In a landmark ruling on September 1st, Kenya's Supreme Court nullified the result of the August 8th presidential election and ordered a re-run, citing irregularities in the vote-counting and transmission process, alongside other alleged failings by the Independent Electoral and Boundaries Commission (IEBC).

Analysis

The court's verdict, by a 4-2 majority, vindicates a legal challenge launched by the opposition National Super Alliance (Nasa) and its defeated presidential candidate, Raila Odinga, to the presidential election result, in which the IEBC declared the incumbent, Uhuru Kenyatta (Jubilee Party), the winner, by a margin of 54.2% to 44.9%. The chief justice, David Maraga, said that the election was "not conducted in accordance with the constitution and the applicable law", making the results "invalid, null and void"; a fresh contest must be held within 60 days, as mandated in the constitution. Full details will appear in a longer judgement from the court (within 21 days), although the IEBC's failings were made clear during the hearings, when it failed to comply with several legal orders to allow the opposition access to its computer systems.
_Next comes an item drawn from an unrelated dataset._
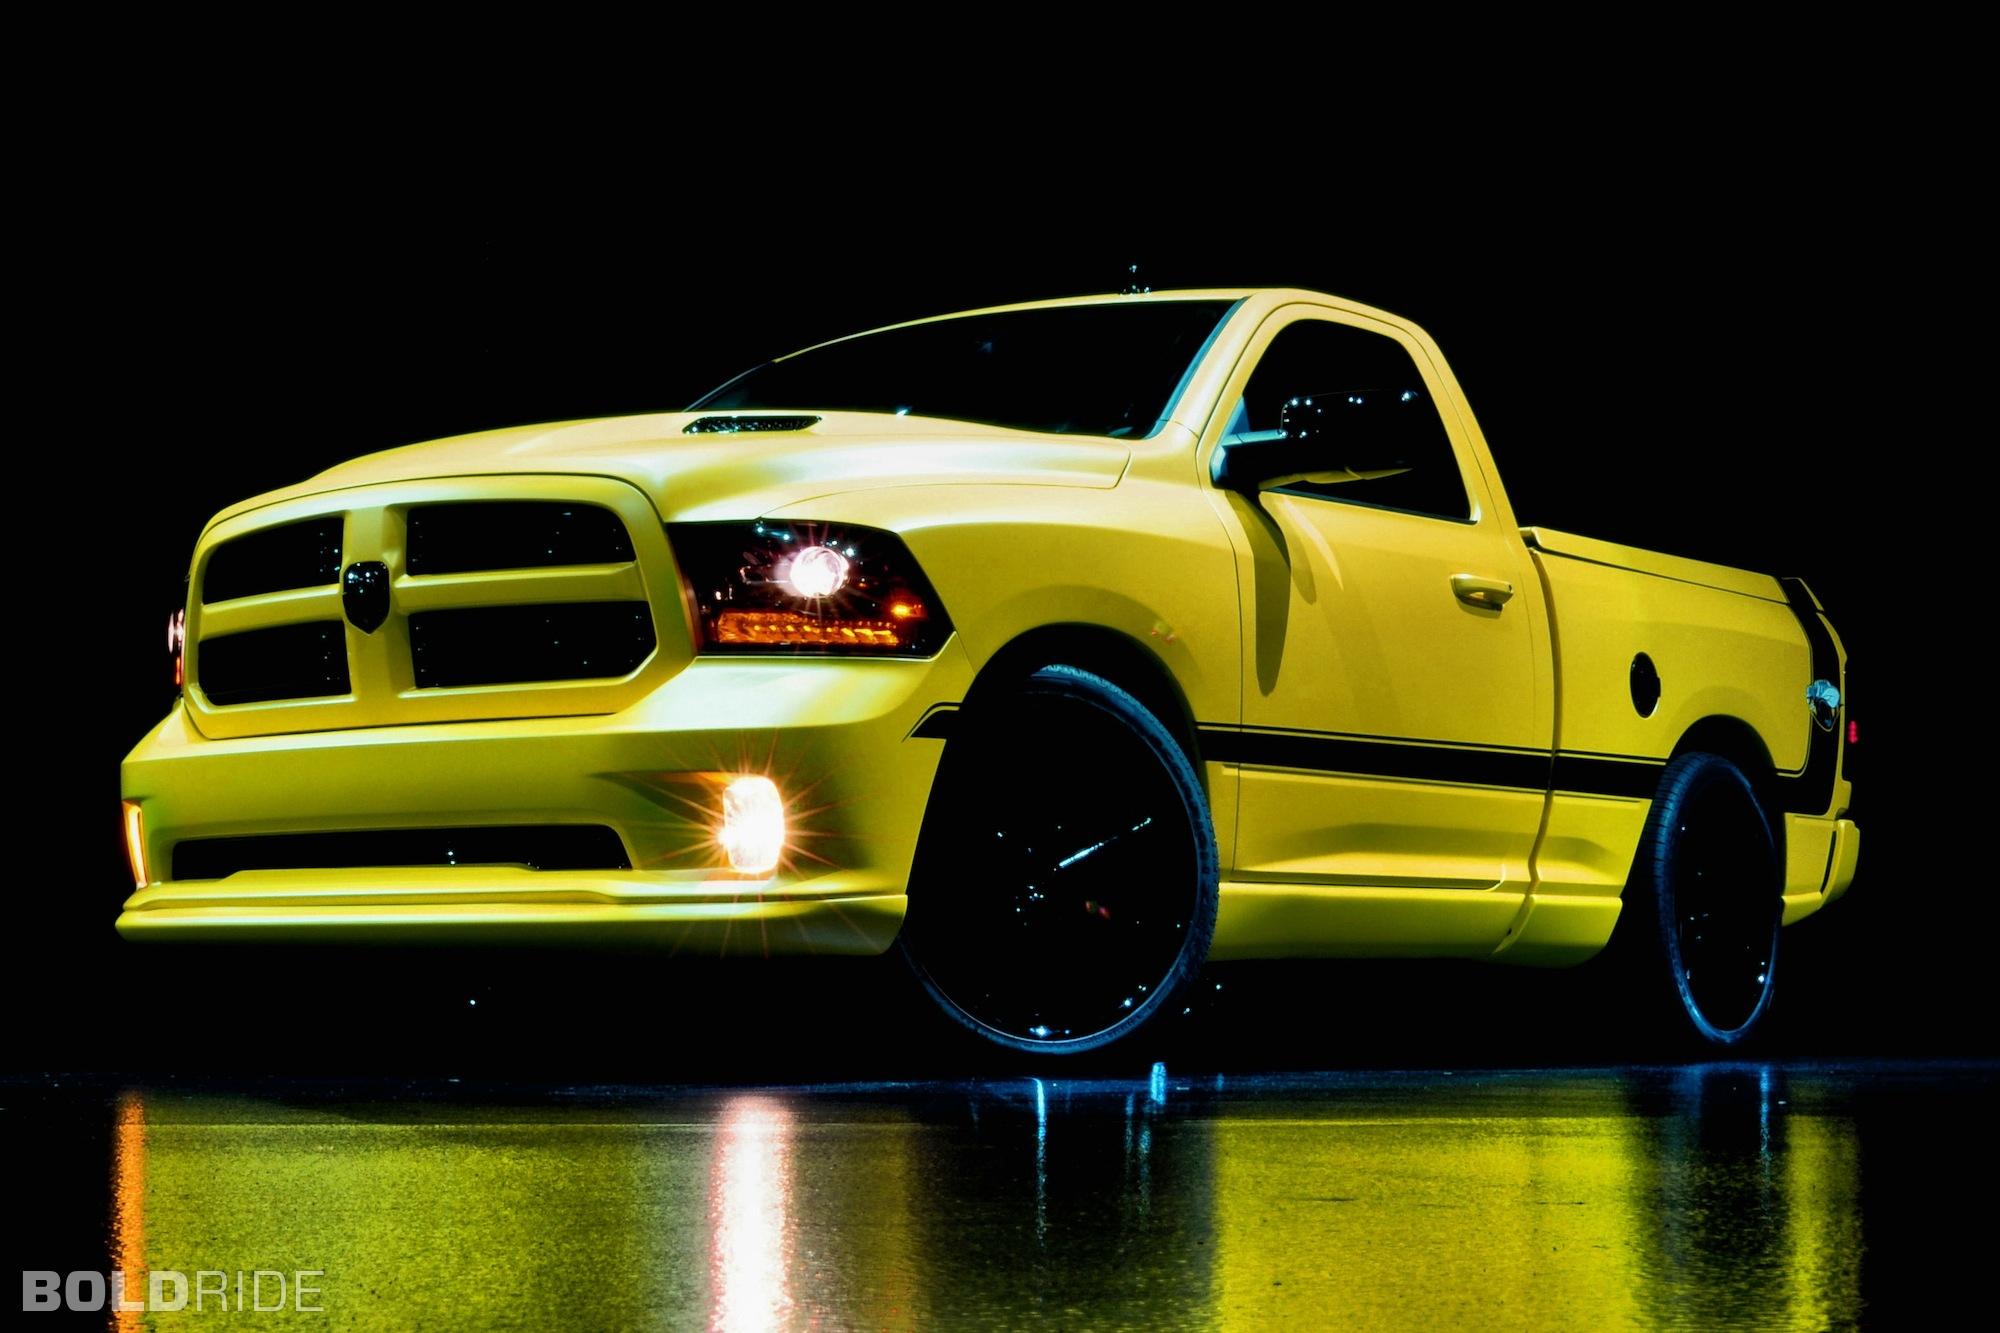 2013 Dodge Ram 1500 Rumble Bee Muscle Concept Pickup Wallpaper 2000x1333 135480 Wallpaperup

The ruling inevitably extends the period of uncertainty surrounding the election, which may dampen business activity. However, more positively, it strengthens the rule of law and underlines the supremacy of the constitution, with positive implications for Kenya's longer-term democratic deepening. The short-term challenges are nonetheless substantial, not least because of the commission's tarnished reputation and need to ensure that the re-run is not tainted by further fraud. This poses a dilemma, because the IEBC has a constitutionally mandated role, but there is insufficient time to install new commissioners.
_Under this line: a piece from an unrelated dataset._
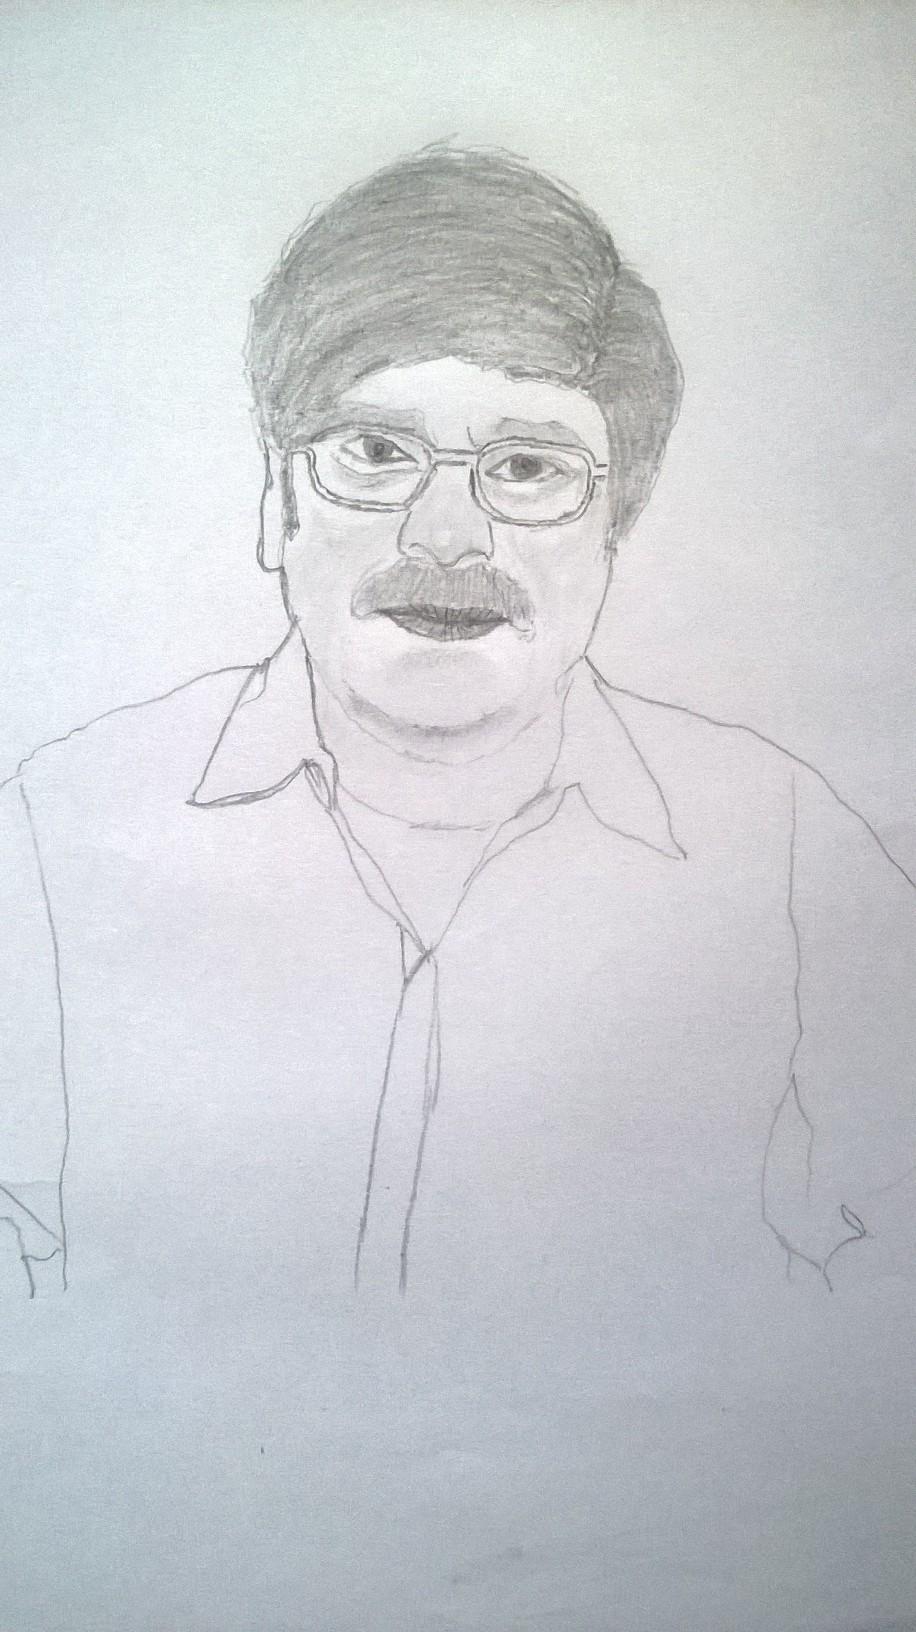 i will draw any photo with pencil

The ruling applies only to the presidential election, but evidence of fraud could also spark legal petitions by losing candidates in the parliamentary and county governor elections. Predicting the outcome of the re-run is tricky, as the precise impact of fraud on the results is difficult to ascertain at present. Mr Kenyatta could therefore win a re-run and secure a second term, but the evidence of manipulation and the court ruling will dent his credibility, making a victory for Mr Odinga more likely.